◆ ASSIGNMENT
Your answer must be the full listing below, repeated exactly, with no pictures in it.

◆ DATA BLOCK

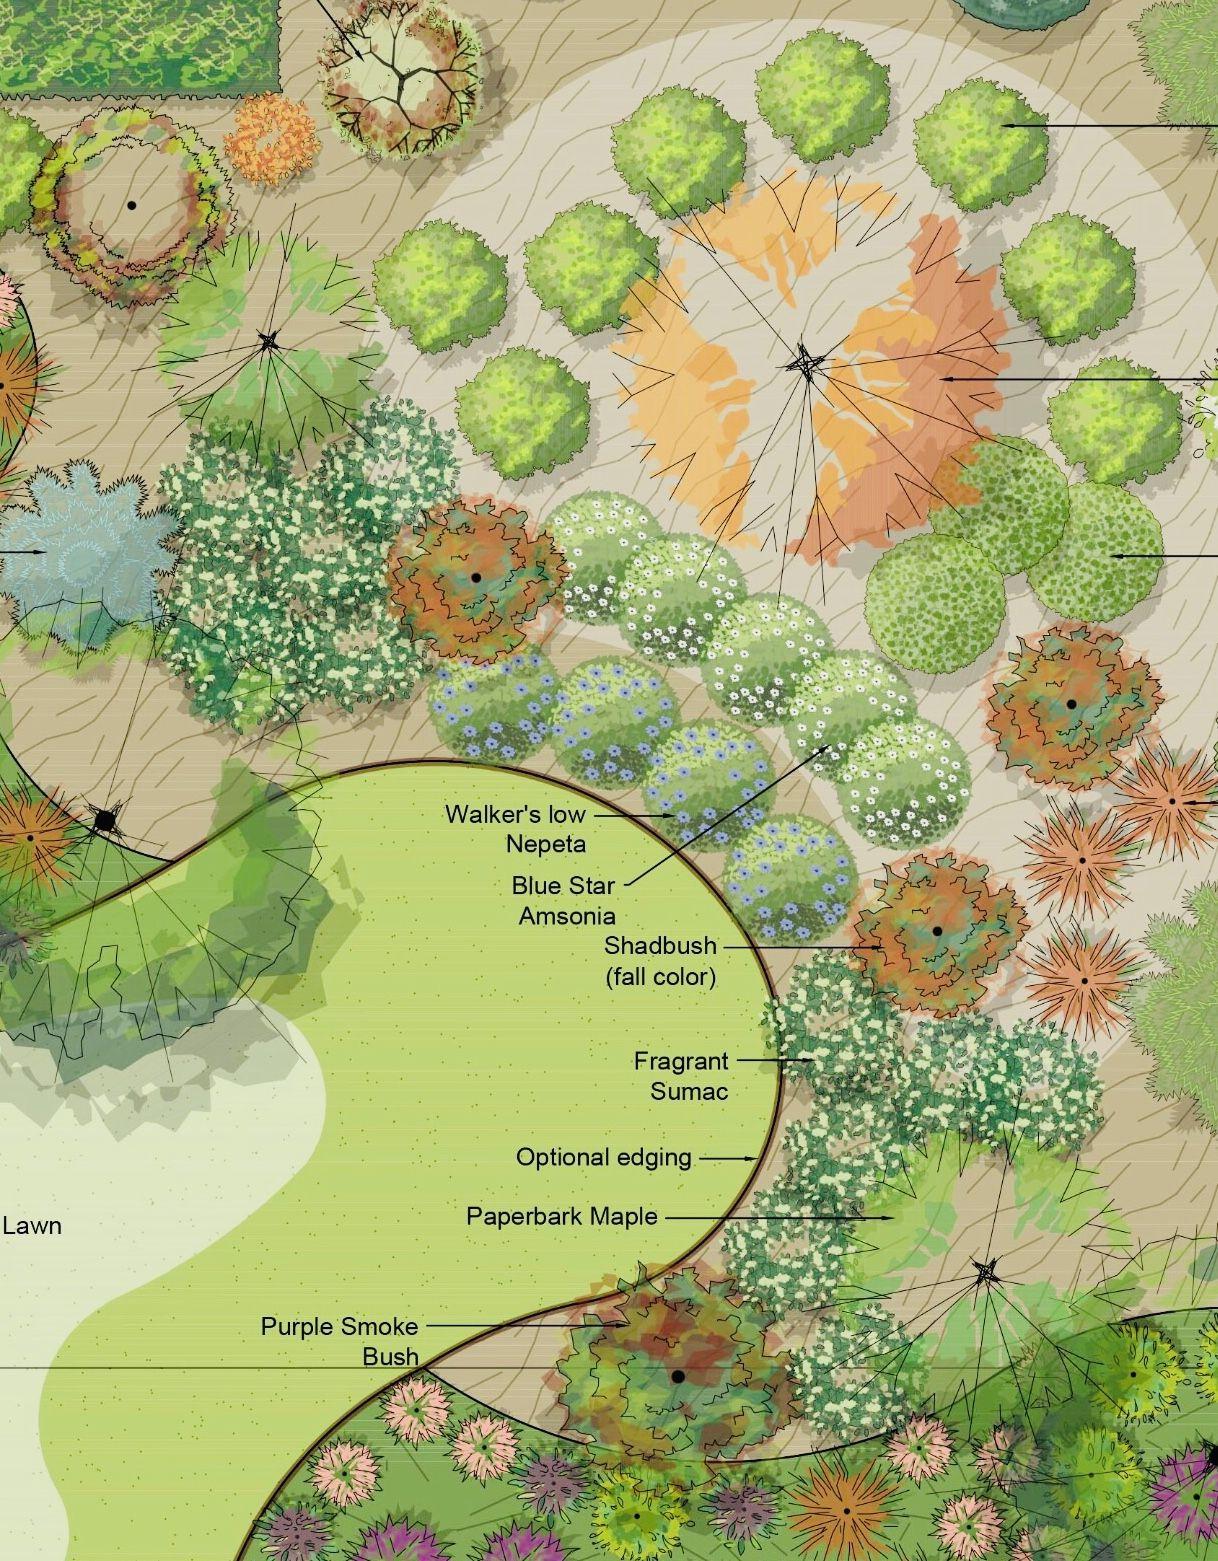 In The Landscape In 2020 Landscape Smoke Bush Missouri Botanical Garden
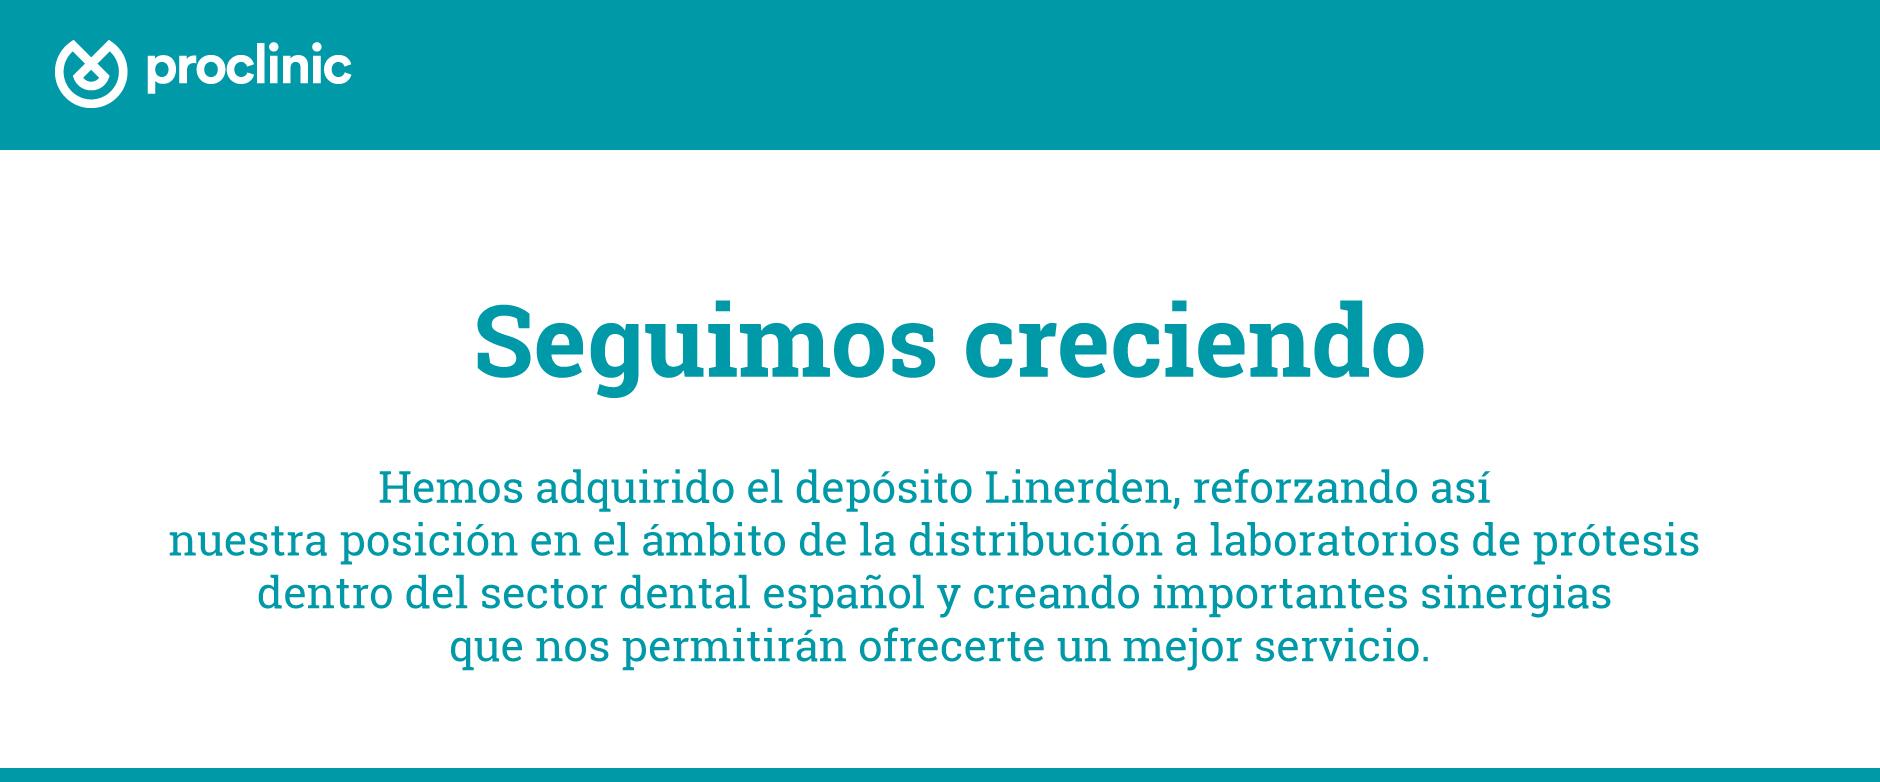 Linerden y Proclinic
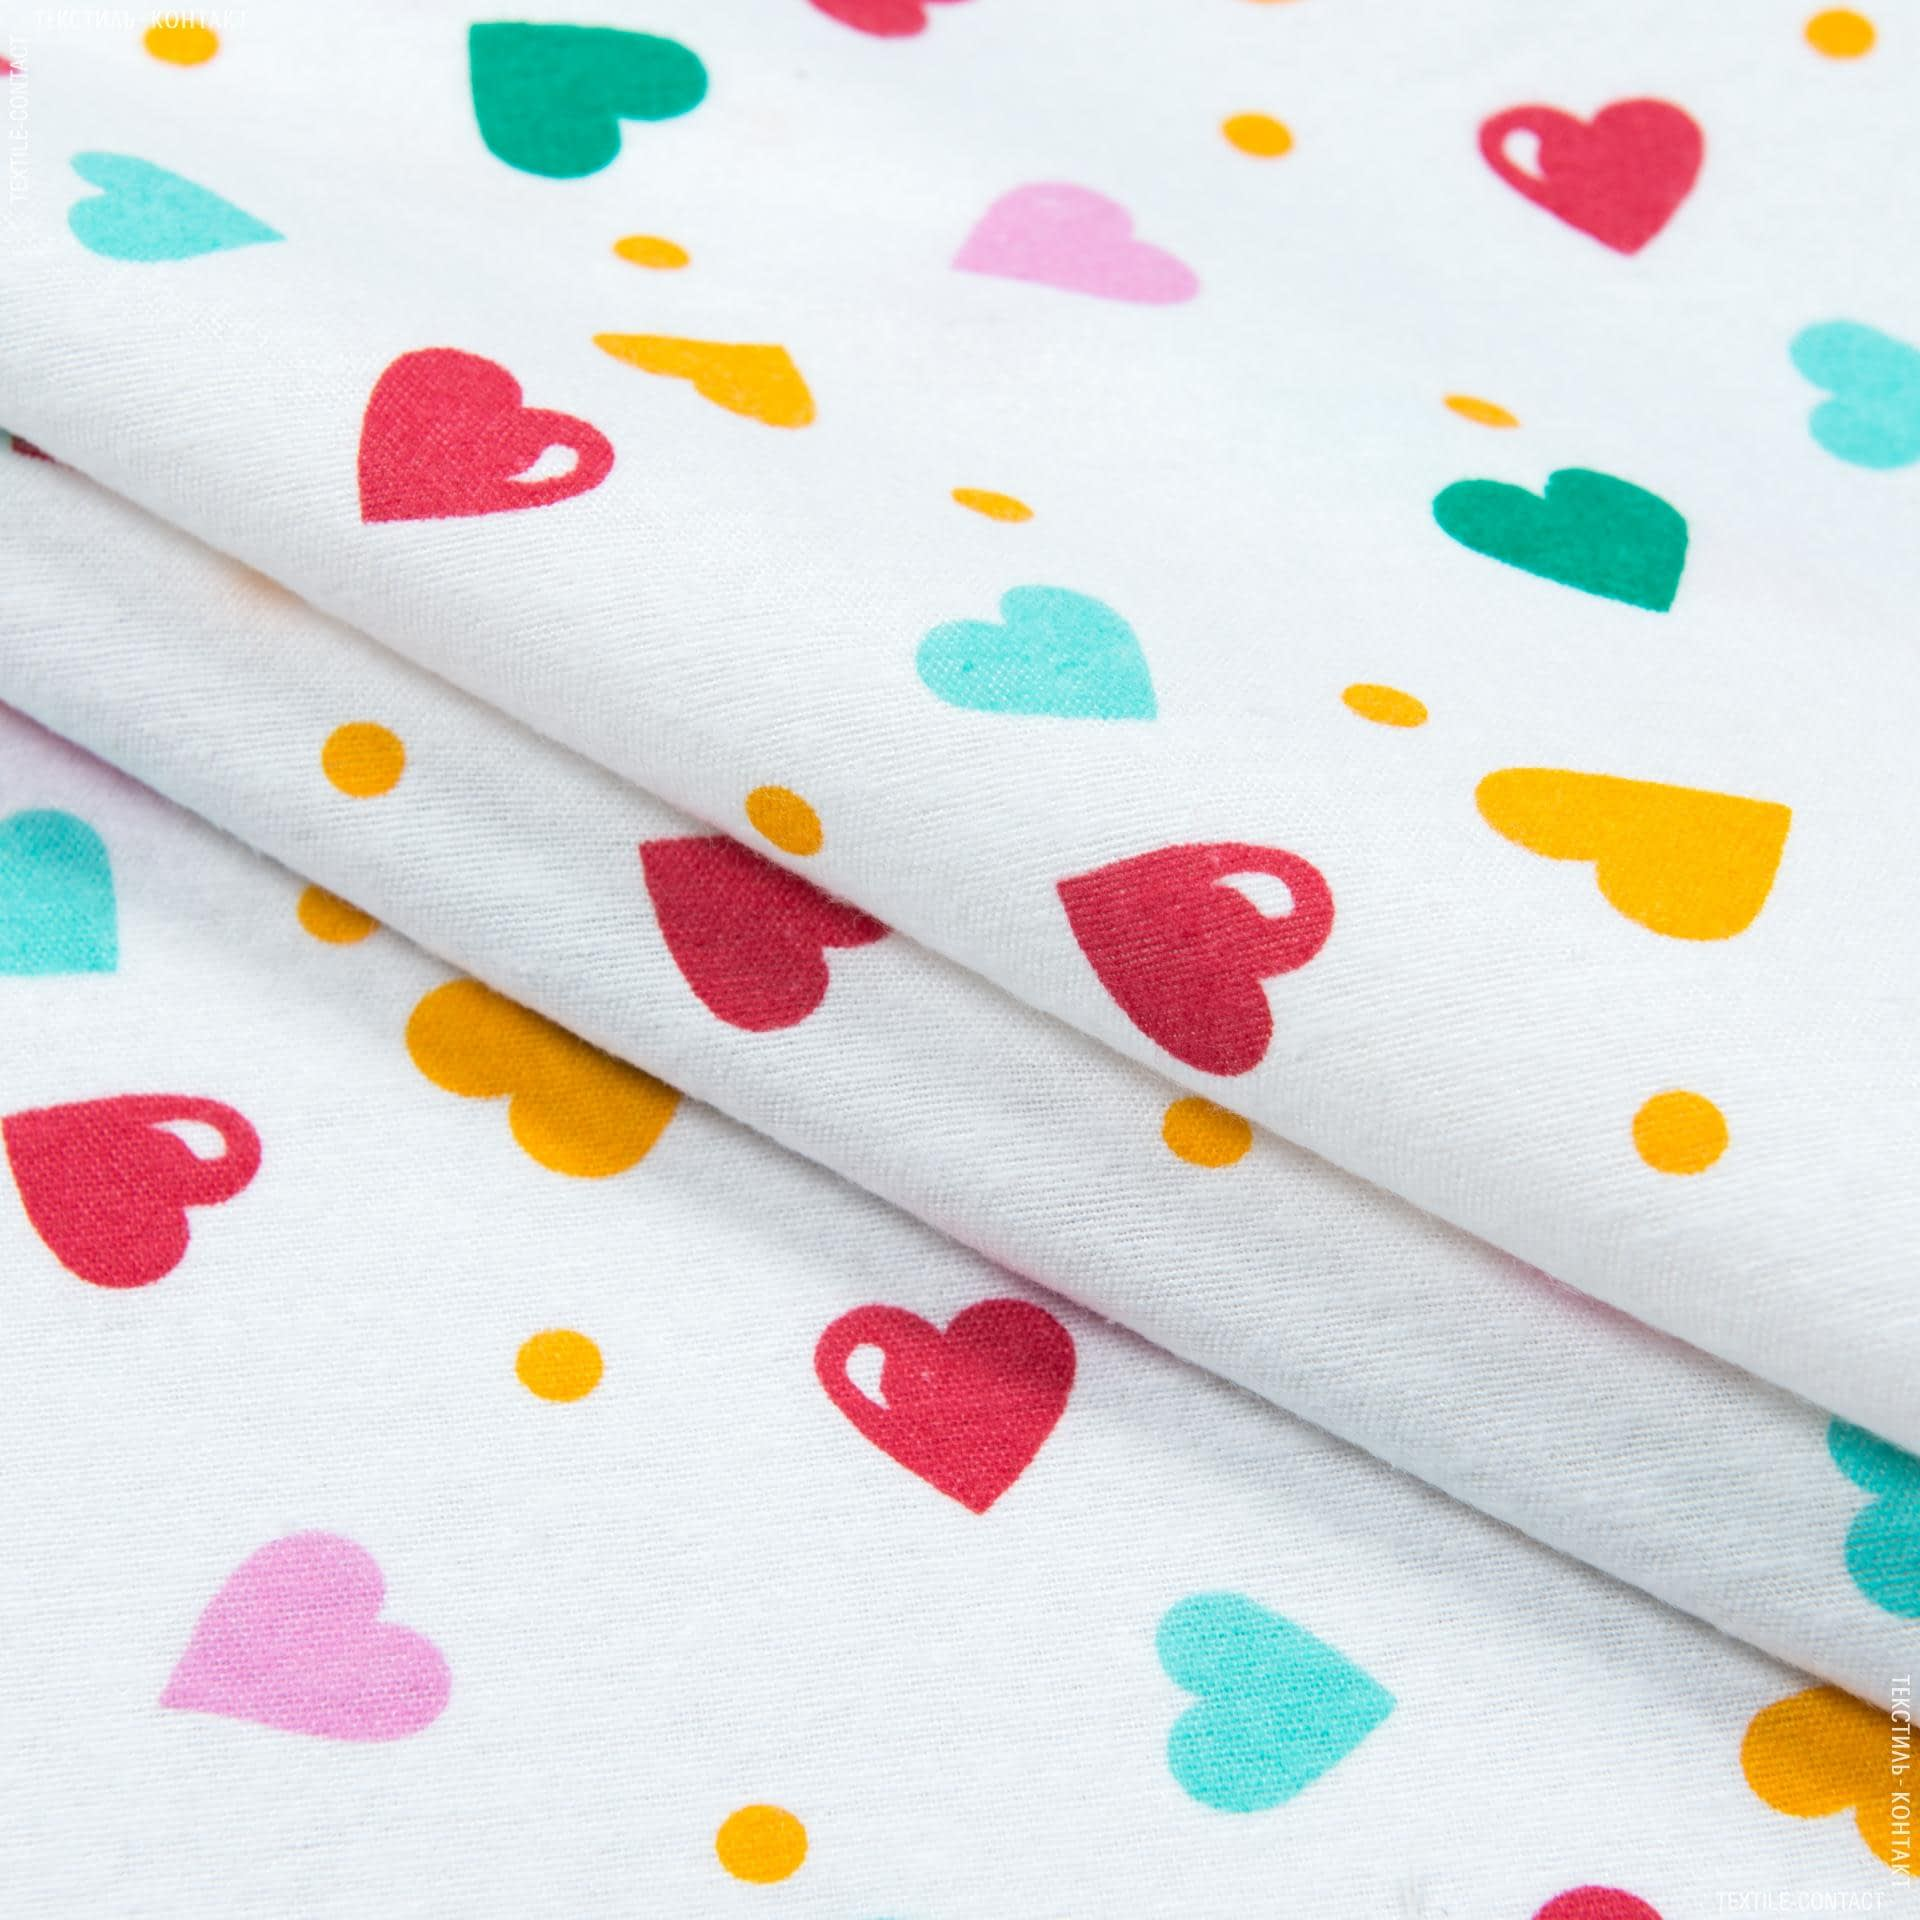 Тканини для дитячого одягу - Фланель білоземельна дитяча

◆ ANSWER SECTION
 In The Landscape In 2020 Landscape Smoke Bush Missouri Botanical Garden
 Linerden y Proclinic
 Тканини для дитячого одягу - Фланель білоземельна дитяча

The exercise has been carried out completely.